Crónicas de um surfista de meia idade - Os Primeiros Anos
Entre os 14 e 18 anos de idade, vivi distante do mar por isso era necessário ser inventivo.
*Por Rafael Amorim
"Vivíamos, por breves instantes, numa bolha abençoada de ignorância
que nos fazia estar alheados de tudo ao nosso redor...."
Entre os 14 e 18 anos de idade, vivi distante do mar por isso era necessário ser inventivo. Andar à boleia, viajar de comboio, organizar excursões de autocarro, meter-me nas traseiras de camionetas de caixa aberta, andar na pendura de uma Casal Boss ou colar-me às férias de amigos dos meus pais só porque sabia que eles iam para a Costa da Caparica ou para Sagres, tudo era justificável. No Surf, como na vida, quando há vontade tudo acontece.
A famosa Casal Boss
Nesse tempo, anos noventa do século passado, fazer uma pequena Surf Trip a Espinho ou à Torreira era um desafio. Recordo que contávamos com a ajuda de uma loja de produtos desportivos na praia do Furadouro (Ovar) ou de alguns dos meus amigos do Colégio Interno do Carvalhos que, no fim de semana e nas longas férias de verão, davam me guarida ou, simplesmente, orientavam as nossas viagens.

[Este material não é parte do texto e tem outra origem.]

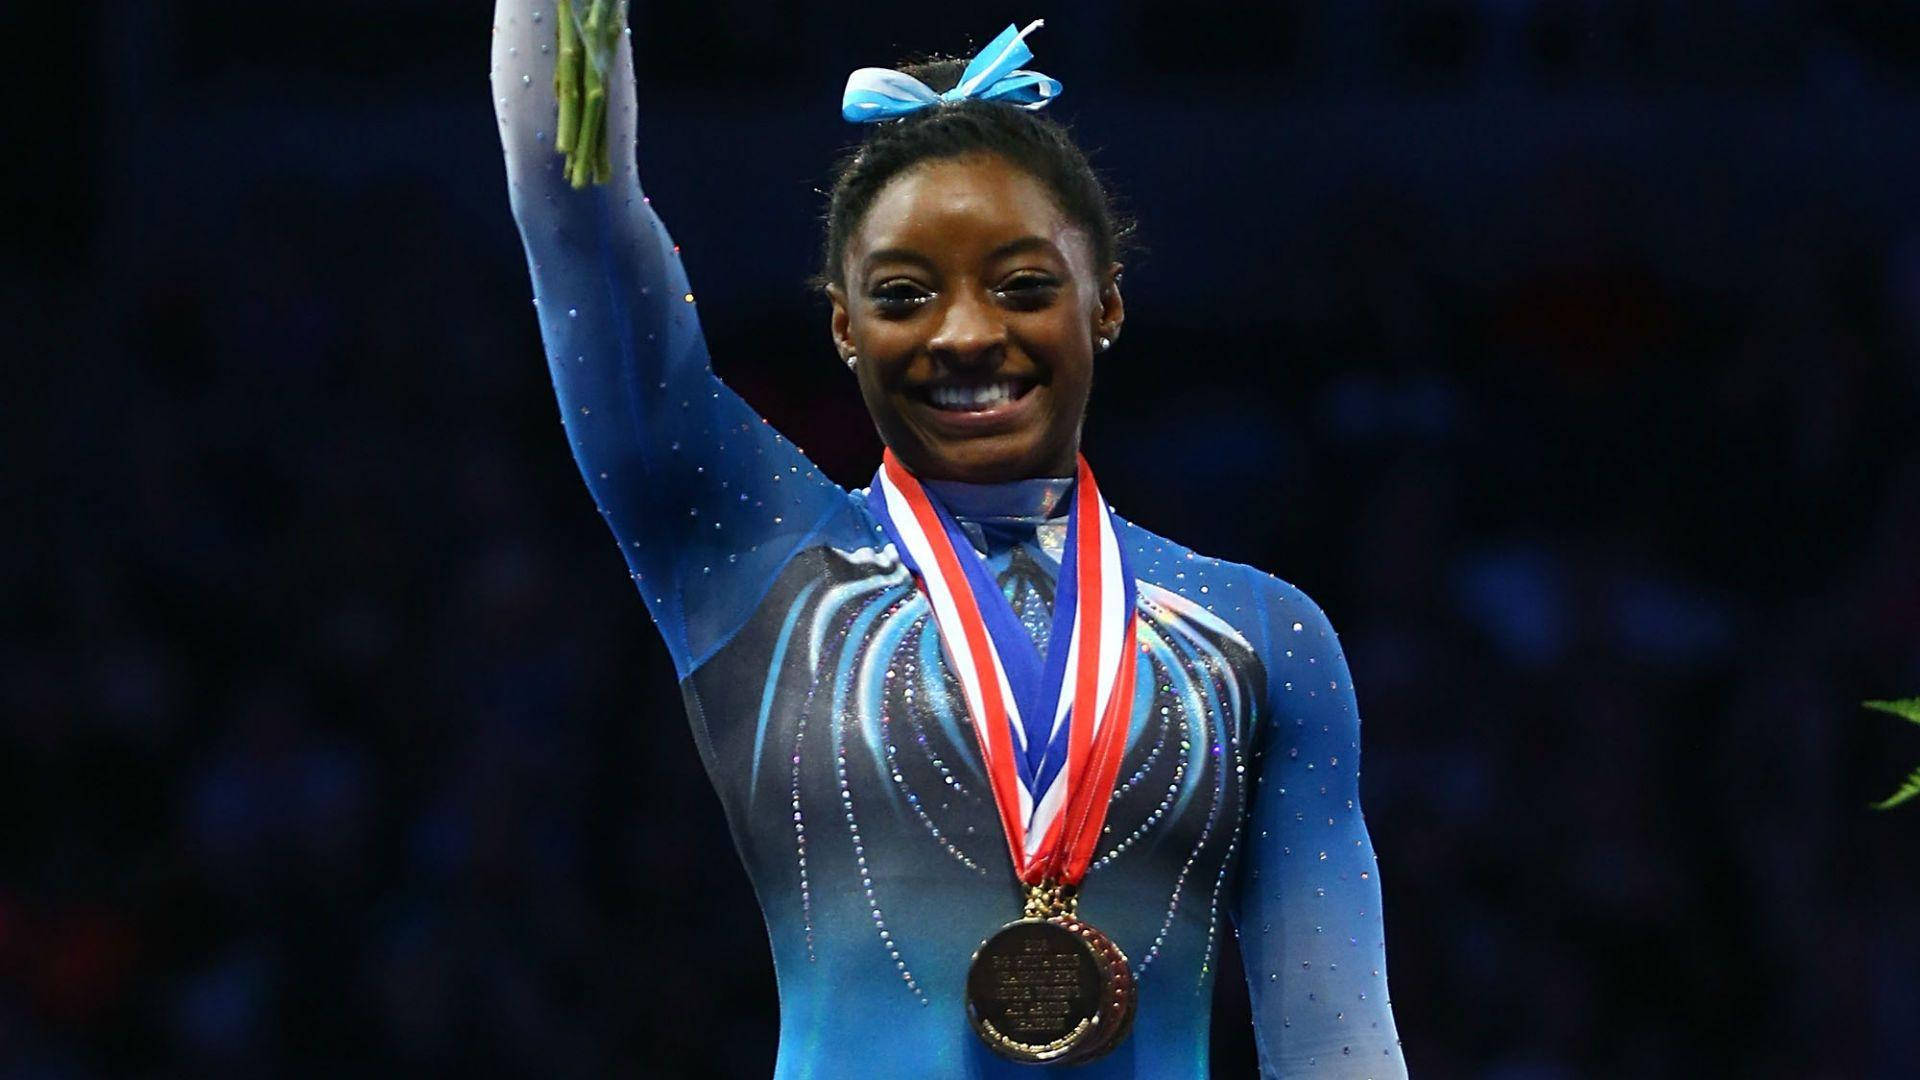 Olympic Gold Medal Gymnast Simone Biles Flawlessly Executing Her Routine Background

Era uma época de aventuras que, embora controladas, não deixavam de ter os ingredientes da adolescência. Éramos putos, em pequenos grupos parecíamos animais sedentos de mar e sol, algumas vezes com atitudes estúpidas e barulhentas, carregados de areia e sal, sempre com fome, cheios de sono, mas nunca cansados para mais umas horas de Surf.
"A única coisa que interessava
era ir para a Praia e surfar."
O nariz pintado de azul/rosa pelo Zink, as T-shirts coçadas de cores berrantes em calções multicolores e, para alguns, cabelo alourado do sol, contrastavam com casacos de gang cheios de patches de bandas de musicas, mochilas com desenhos e nomes de marcas de Surf e ténis rasgados do uso.

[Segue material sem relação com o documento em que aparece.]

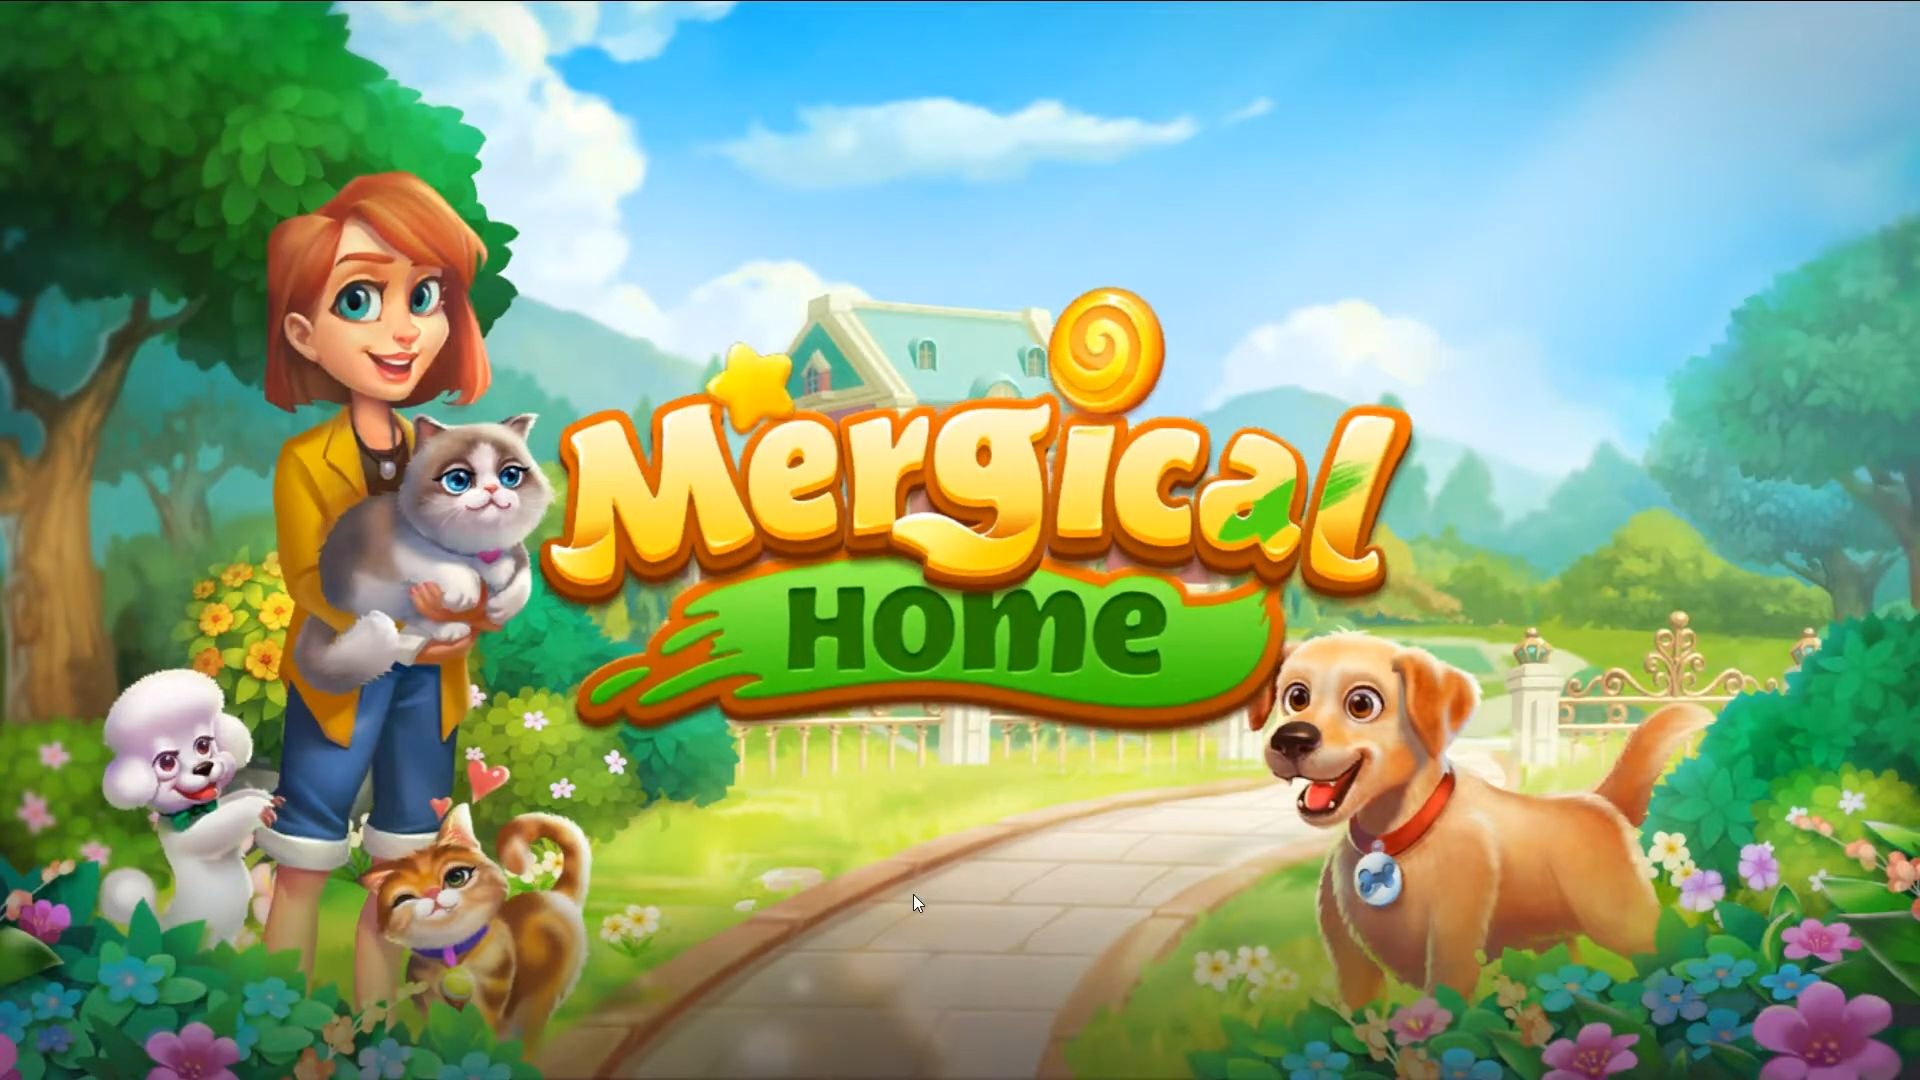 Download Mergical Home Android free game.

Não tínhamos grande paciência para figuras da autoridade, mas havia algum respeito pelos nadadores salvadores ou por quem trabalhava na Praia. Metíamo-nos em sarilhos, por coisas que não mereciam o nosso tempo ou das quais não tínhamos qualquer necessidade. O dinheiro que nos era entregue, rapidamente, desaparecia em cigarros comprados avulso, cerveja, batatas fritas, dancakes e outras porcarias.
"Uma playlist, do lado B, com músicas dos Ratos de Porão,
X-Acto, Minor Threat, Death Kennedy’s, M’as Foice
e Mão Morta..."
Liam-se revistas brasileiras de surf/bodyboard, víamos o Portugal Radical ou o Sem Limites e cobiçávamos as cassetes de VHS que, de preferência, tivessem o Mike Stewart ou o Ben Severson.
A música era muito importante. Definia quem éramos, onde pertencíamos e o que se esperava de nos. Isso acontecia especialmente com o punk e hip hop. Eram essas as cassetes de áudio que estavam sempre enfiadas no bolso da frente do saco da prancha. Tudo era consumido de forma separada ou em conjunto. Sem preconceitos.
A banda sonora do Judgement Night, que fazia parte do lado A de uma cassete áudio de 90 minutos, e uma playlist, do lado B, com músicas dos Ratos de Porão, X-Acto, Minor Threat, Death Kennedy’s, M’as Foice e Mão Morta, mostravam que éramos “diferentes”.
Éramos uns patetas alegres. Não tínhamos a mínima noção do mundo exterior. Apenas daquilo que nos movia. Vivíamos, por breves instantes, numa bolha abençoada de ignorância que nos fazia estar alheados de tudo ao nosso redor. A única coisa que interessava era ir para a Praia e surfar.
Assim éramos felizes nos anos noventa do século passado.
*Por Rafael Amorim
O Hawaiano Mike Stewart visitava Portugal com frequência naquela altura.
*Conforme podem ler na crónica" Where there's a will there's a wave" o autor começou aos 14 anos por fazer bodyboard.